V. Context-Sensitive Display Techniques
[0109] Several context-sensitive display techniques will now be
discussed. Each of these techniques can be performed in a computing
environment. For example, each technique may be performed in a
computer system that includes at least one processor and memory
including instructions stored thereon that when executed by at
least one processor cause at least one processor to perform the
technique (memory stores instructions (e.g., object code), and when
processor(s) execute(s) those instructions, processor(s) perform(s)
the technique). Similarly, one or more computer-readable storage
media may have computer-executable instructions embodied thereon
that, when executed by at least one processor, cause at least one
processor to perform the technique. The techniques discussed below
may be performed at least in part by hardware logic.
[0110] Referring to FIG. 11, a context-sensitive display technique
will be discussed. The technique can include receiving (1110) user
input identifying a selection of a textual portion of a document
being displayed in a computer display region. The technique can
include automatically requesting (1120) an identification of a
meaning of the selection by analyzing context information around
the selection in the document (possibly in addition to analyzing
other information). A dataset about the identified meaning of the
selection can be retrieved (1130) from a service. A selection of a
visualization format from a plurality of available visualization
formats can be automatically requested (1140) to represent the
dataset.
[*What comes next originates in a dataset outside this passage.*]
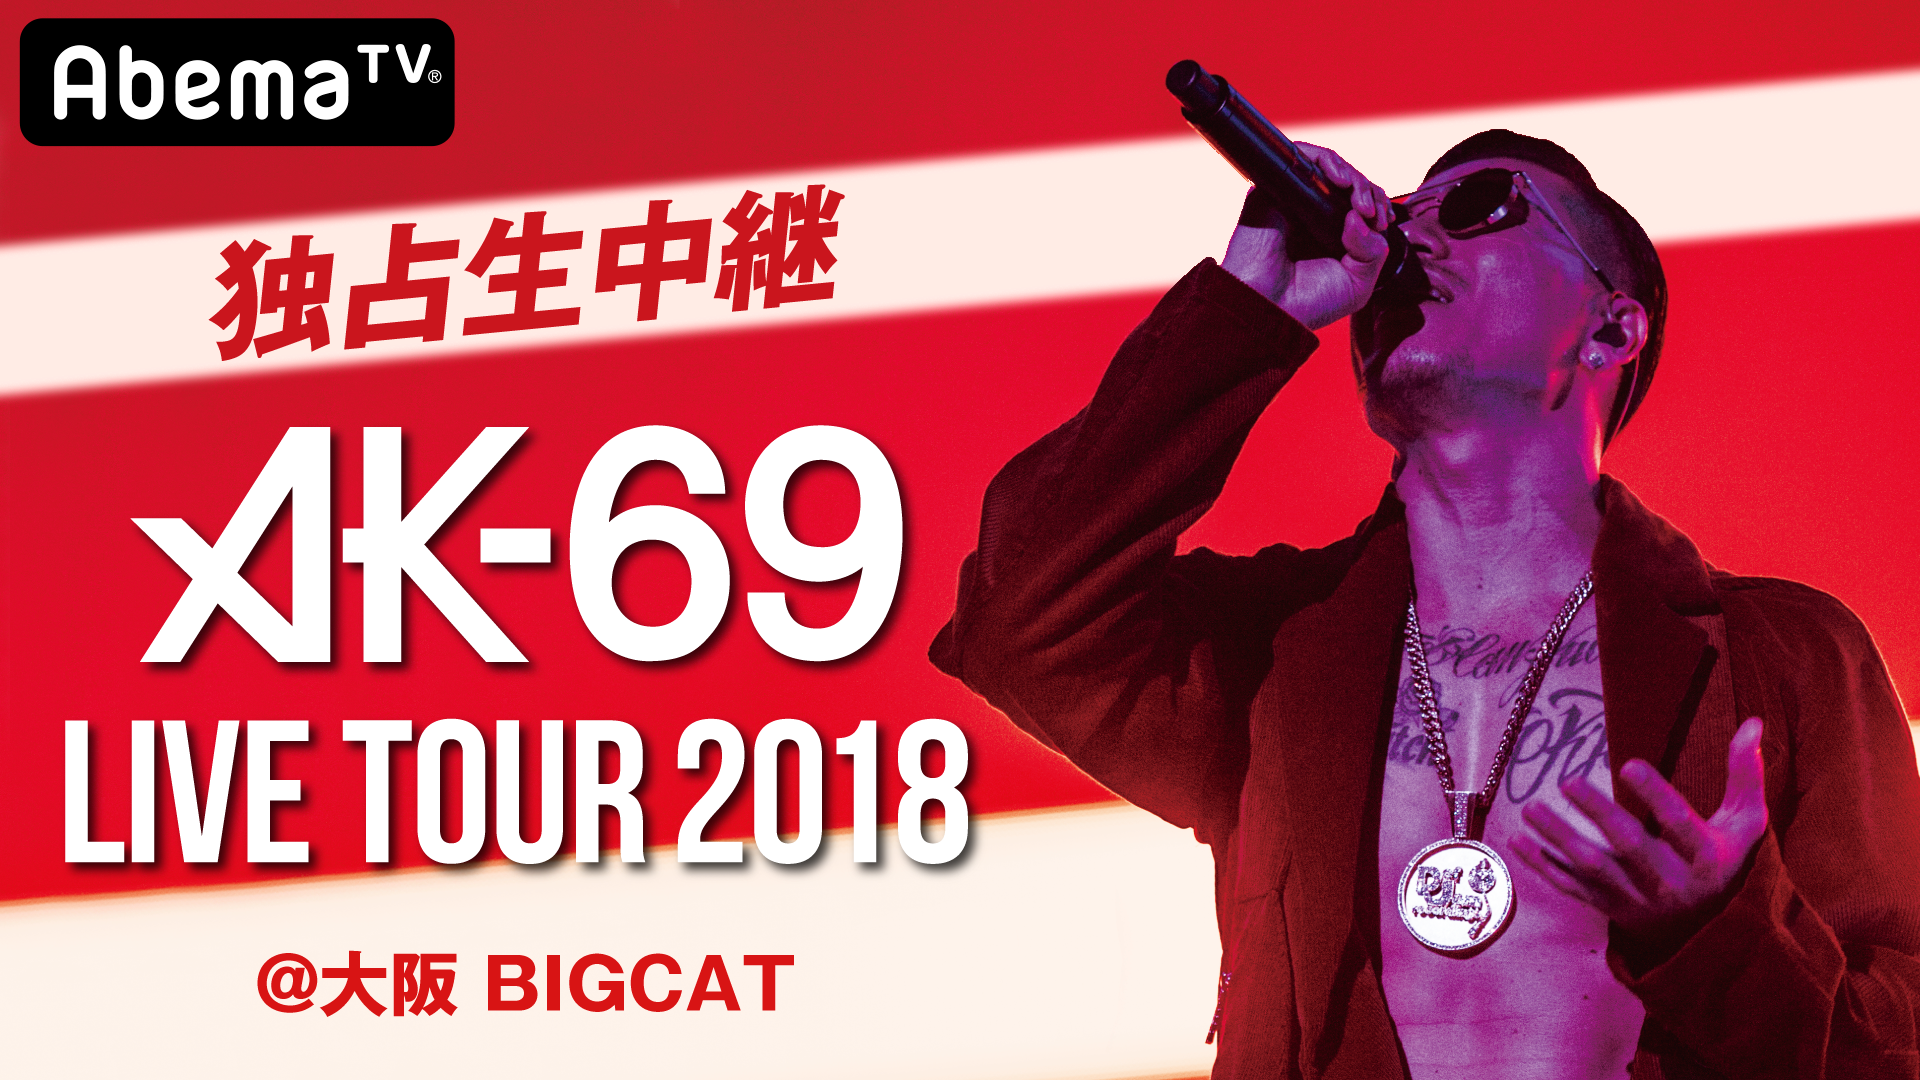 1月18日 金 19 00 Ak 69 Live Tour 2018 大阪 Bigcat Abematv

A visualization of the dataset can be automatically
displayed (1150) in the selected visualization format, with the
visualization representing at least a portion of the dataset.
[0111] The available visualization formats can include multiple
types of charts, and the selected format can be a type of chart.
For example, the selected format can be a column chart, a pie
chart, a line chart, an area chart, a scatter chart, a timeline
chart, a map chart (such as a heat map), or a combination thereof.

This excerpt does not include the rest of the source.